On the next Monday, Megan comes back to the office and announces, “I’ve changed my mind. I’ve decided to stay. I just can’t leave this place. Plus...,” she pauses and takes a deep breath, “Michael was diagnosed with acute hepatitis last week. He lost his best friend to an overdose a week ago. And that triggered him to drink again. Within a few days, his liver flared up and he became very ill. Now, he’s in the hospital. The doctor said he has acute hepatitis. But I’m sure he’ll recover. The doctors said so.”
The doctor said so, or she hopes so too.
Oh, dear. What a shock. They thought it was their collective email that brought Megan back.
“I hope so,” everyone says wholeheartedly.
“It’s tough to lose a friend while fighting his own battle.” Adam rubs his chin pensively.
“You’re right, Adam,” Megan nods.
Human beings are odd. Remember, when Megan got married to Michael, the co-workers worried.

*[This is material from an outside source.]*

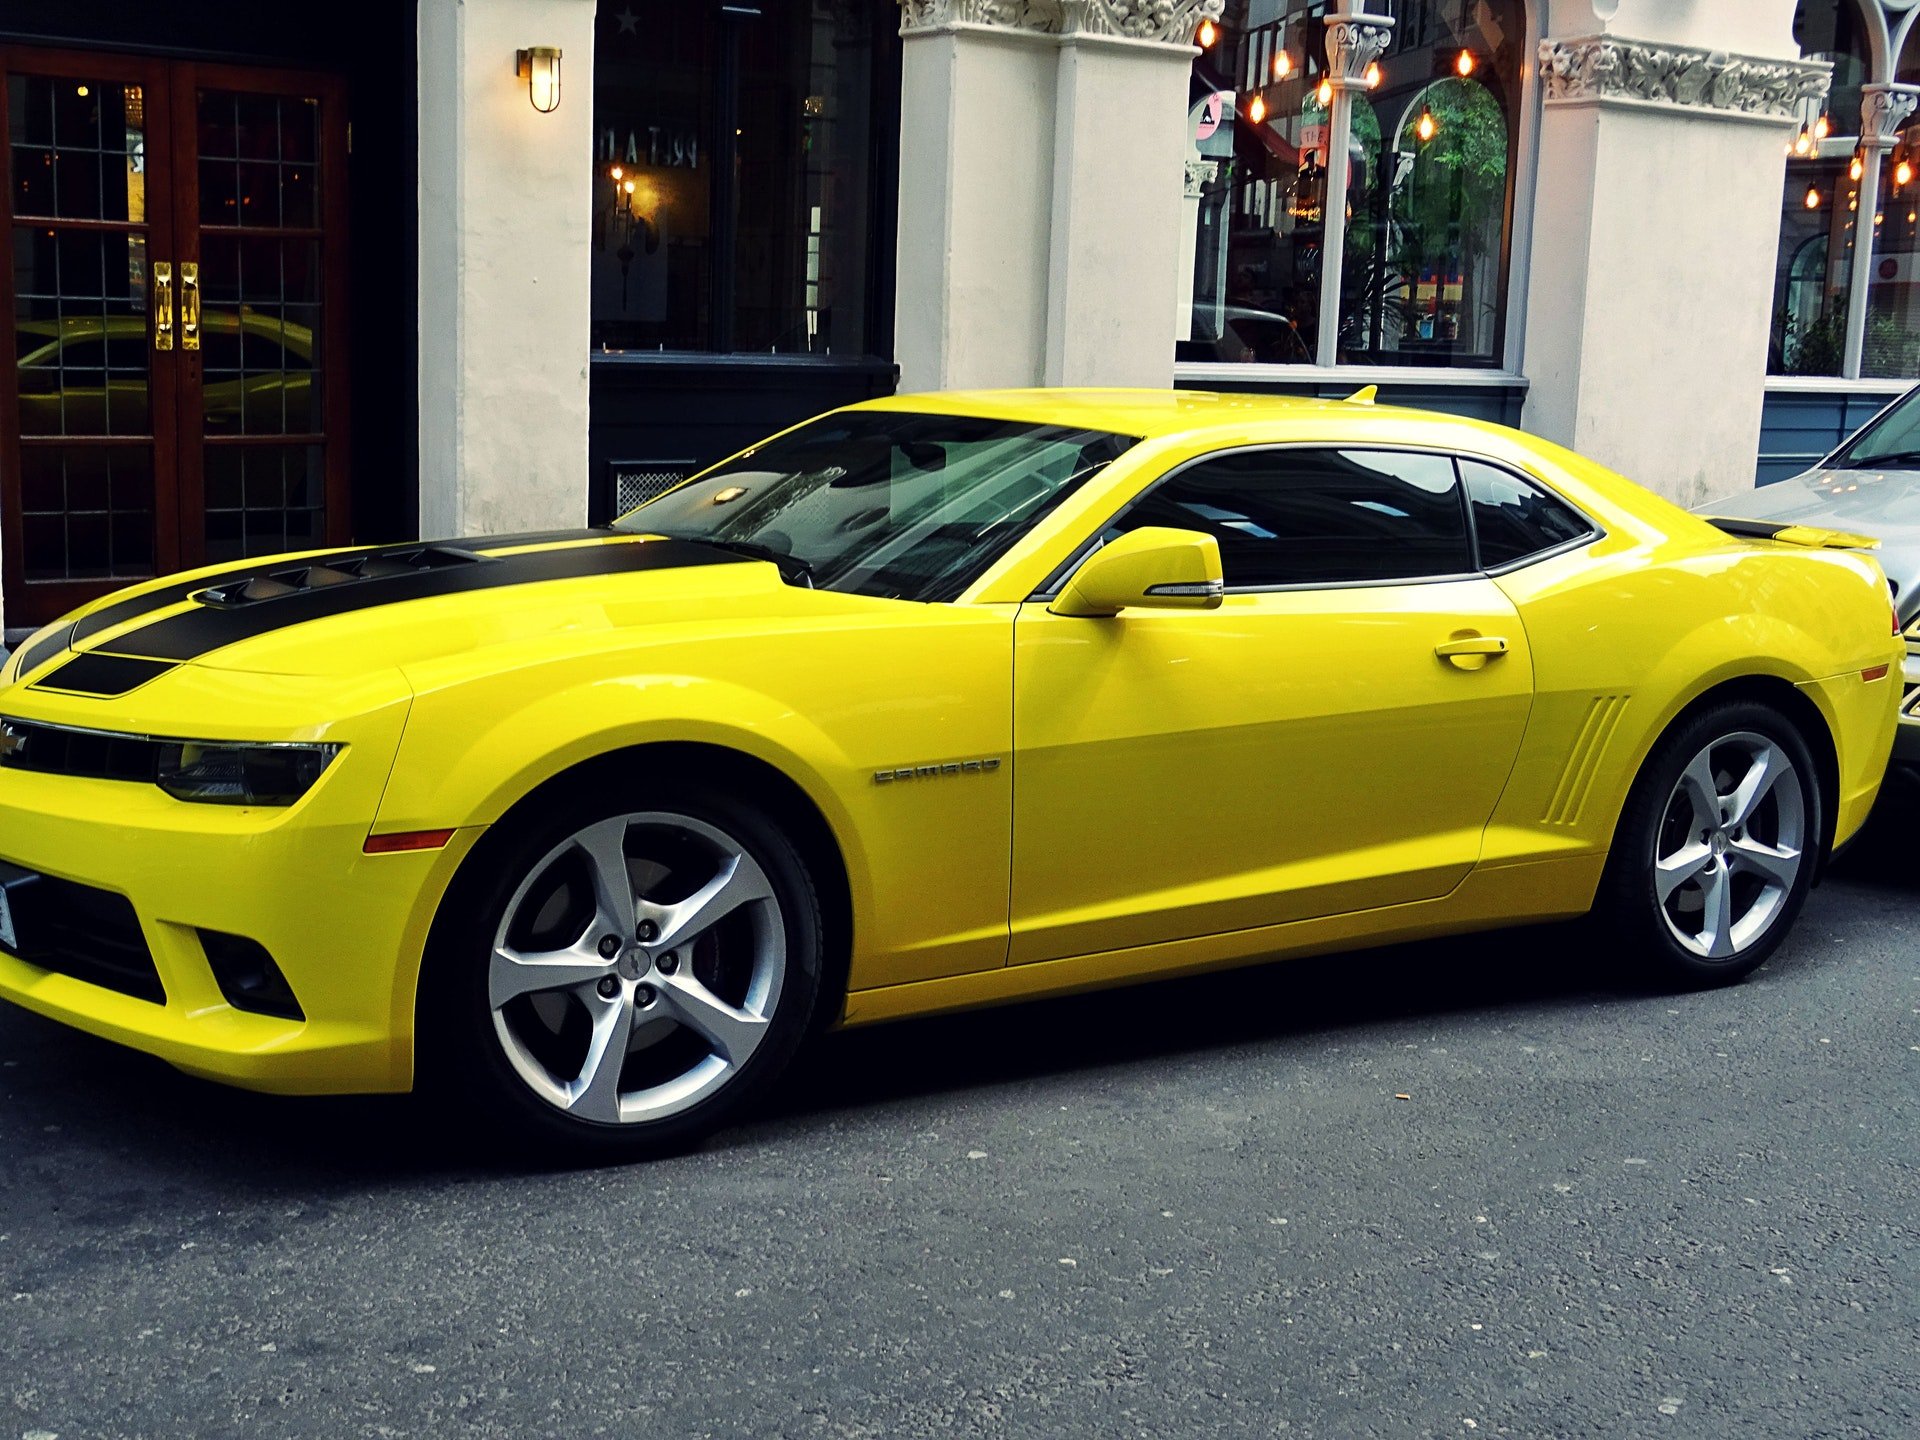 Photo of a yellow chevrolet car | Photo: Pexels

They foresaw him drinking, getting one DUI after another, and eventually ruining her retirement. It’s almost like they need to prove they are right. Now, they hear Michael is ill. Nobody wants to be “right” anymore.
Megan sits down by her desk. Carefully, she takes out a new photo of the two of them. Their heads lean toward each other. On the wooden frame it says Love Is Patient. A well-known Bible script. She places it next to the other two pictures.
At a time like this, people tend to draw strength from faith.
Megan senses heaviness in the air. She says, “You guys are so sweet. To be very honest, if it weren’t for you, especially your heart-warming email, I wouldn’t come back, even when Michael is ill, and I have medical bills to pay. I could find another job closer to home. But that wouldn’t be the same. You make me feel at home here. This is where I belong.”
People are speechless.
To break the quiet in the room, Stephanie says, “Megan, I’m glad that you’re back. And your patients are going to be happy, too. You should have seen Mr. Gould’s face last week. It was this long.” She presses on her cheeks to make her round face into a long one.
“Oh, poor Mr. Gould,” Megan says.
At this moment, patients start to arrive. Among the first ones is Mr. Gould. When he sees Megan at the door, his eyes sparkle.
Megan smiles and waves at him.
Kelly is happy that Megan is back. She was worried if her words were too harsh that they made Megan decide to leave.
She calls Megan to her office and says, “Megan, I heard Michael is sick. Let me know if you need more time off.”
“Thank you. For now, I’ll save my hours for later when I need them.”
“You know everyone is happy that you’re back,” Kelly adds.
“Yeah, I feel at home here.”
Kelly nods with restraint. The idea of being at home could be “dangerous” or imprudent in Megan’s case.
She changes the topic. “By the way, Megan, the hospital has a new mandatory class. Everyone has to take it. I hope you don’t mind signing up for it. It’s a two-hour course that takes place on the next three Mondays, from eight to ten in the morning. It’s in the hospital conference room. You can choose one of the dates that’s convenient for you.”
“Sure. What’s the class about?”
“The Art of Communication.”
“Oh. Okay. I’ll do it,” Megan says agreeably.
Two days later, at the end of the day, Megan does her routines. She tightens faucets in sinks, closes windows, and turns off lights in the gym and office. Then she locks the gym door, goes to the parking lot, and drives home in her blue Toyota Corolla.
Upon arriving home, she is surprised to see a basket of beautifully arranged sunflowers, chrysanthemums, and daisies at the door. She takes out her key, opens the door, then picks up the basket.
Once inside, she places the basket on the kitchen table. She takes out an attached card and reads: “Dear Megan, we wish Michael a speedy recovery! Sincerely, Your family at work.”
Oh, how sweet they are! Her eyes well. Warm tears run down her cheeks.